Pictures are to be dropped. Everything else in the listing gets copied exactly.
DATASET SECTION section start
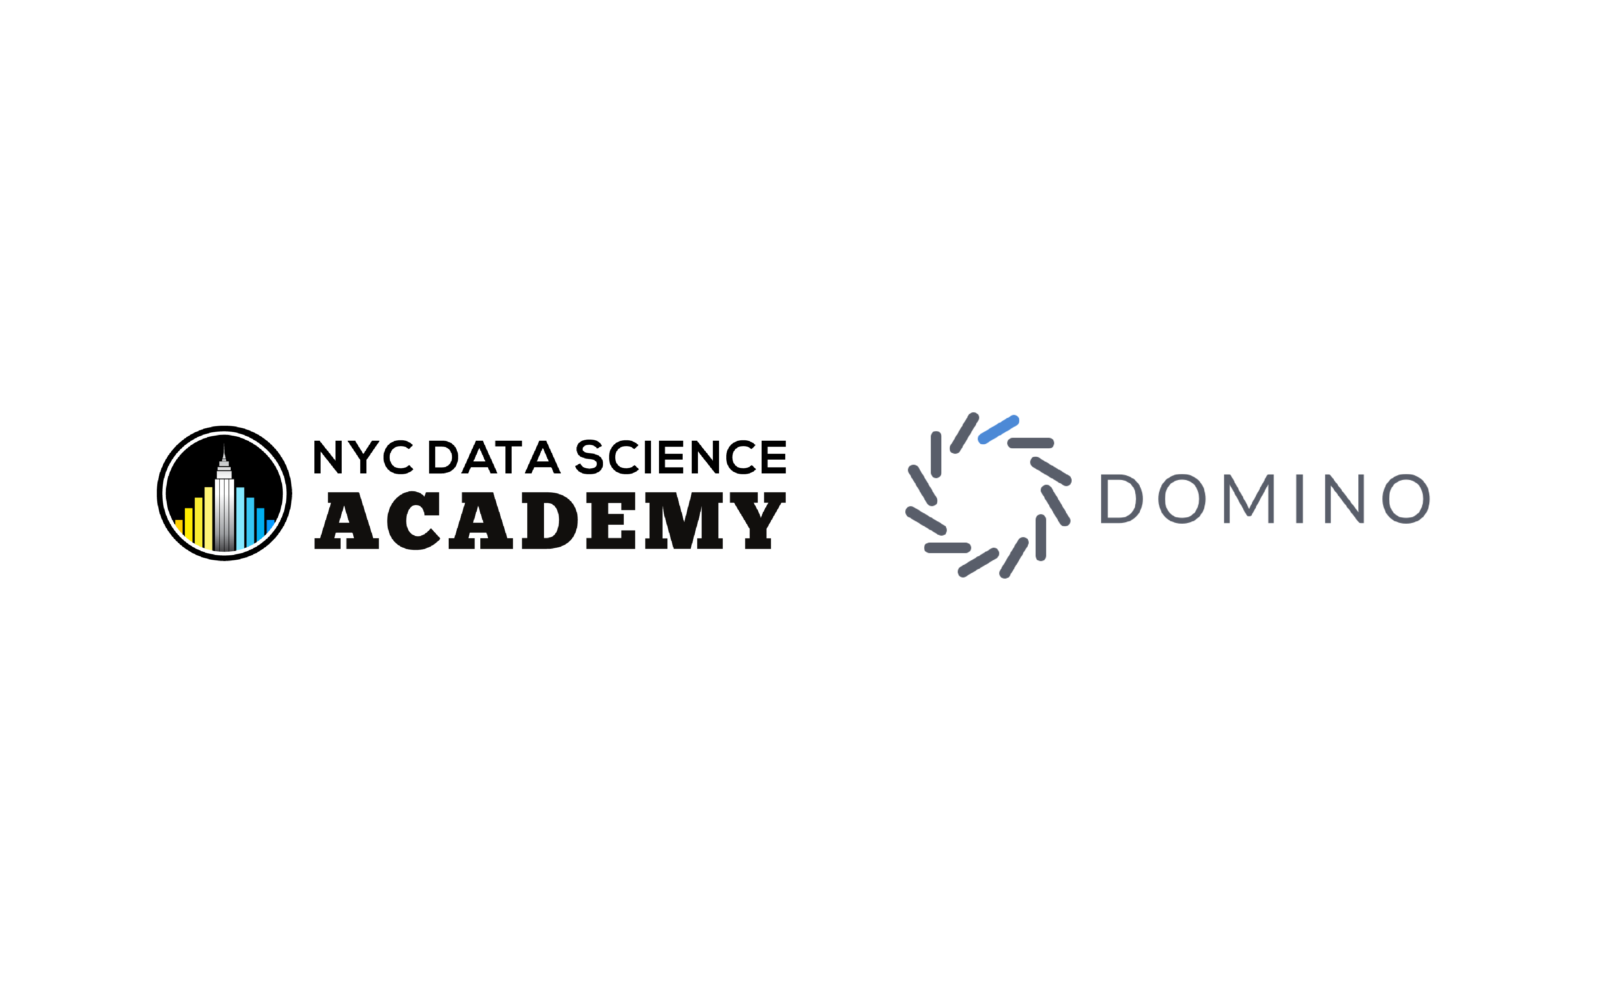 domino-data-lab-logo-nycdsa-e1478025064352
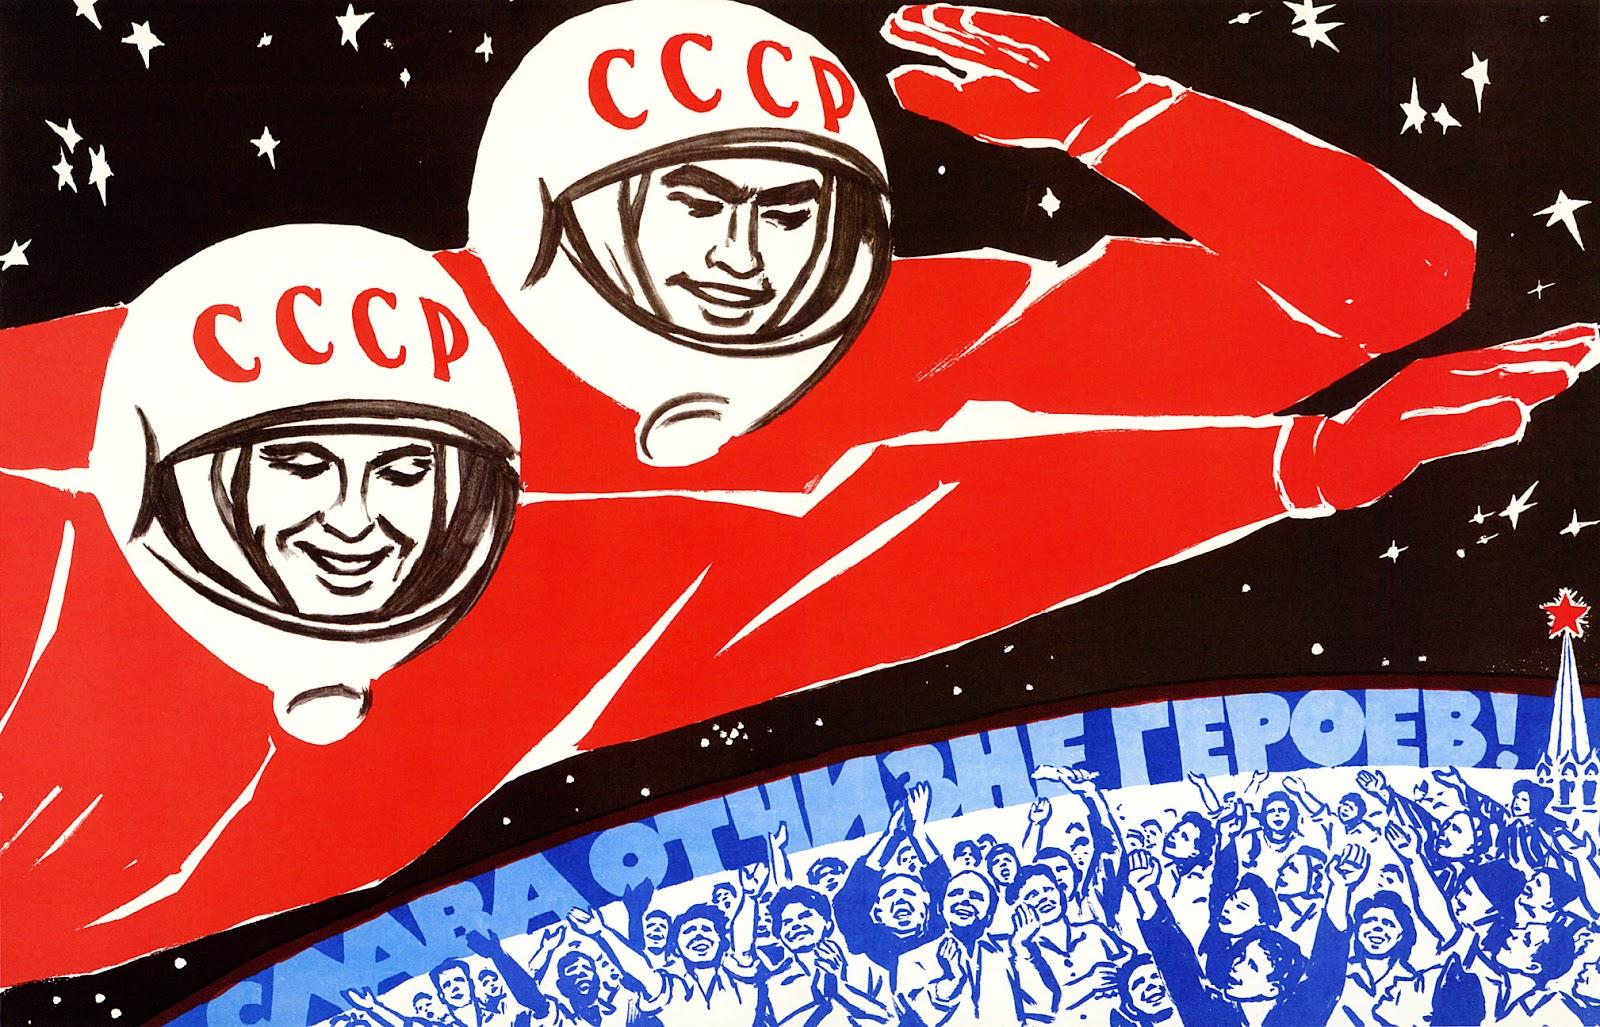 soviet space program name - photo #8
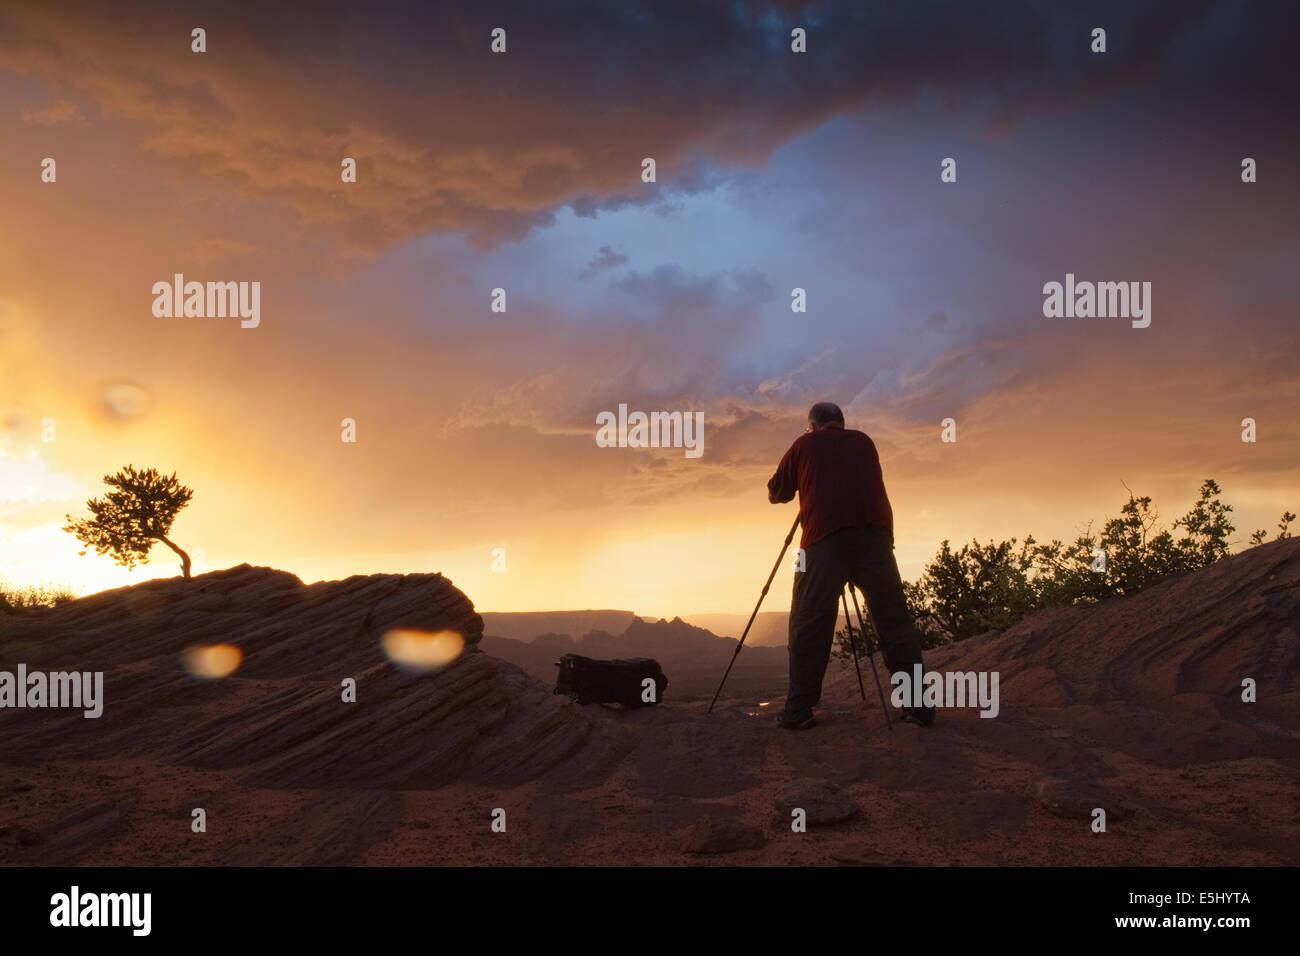 Photography in an Arizonan Rainstorm - Stock Image
DATASET SECTION section end
▶ TASK OUTPUT:
 domino-data-lab-logo-nycdsa-e1478025064352
 soviet space program name - photo #8
 Photography in an Arizonan Rainstorm - Stock Image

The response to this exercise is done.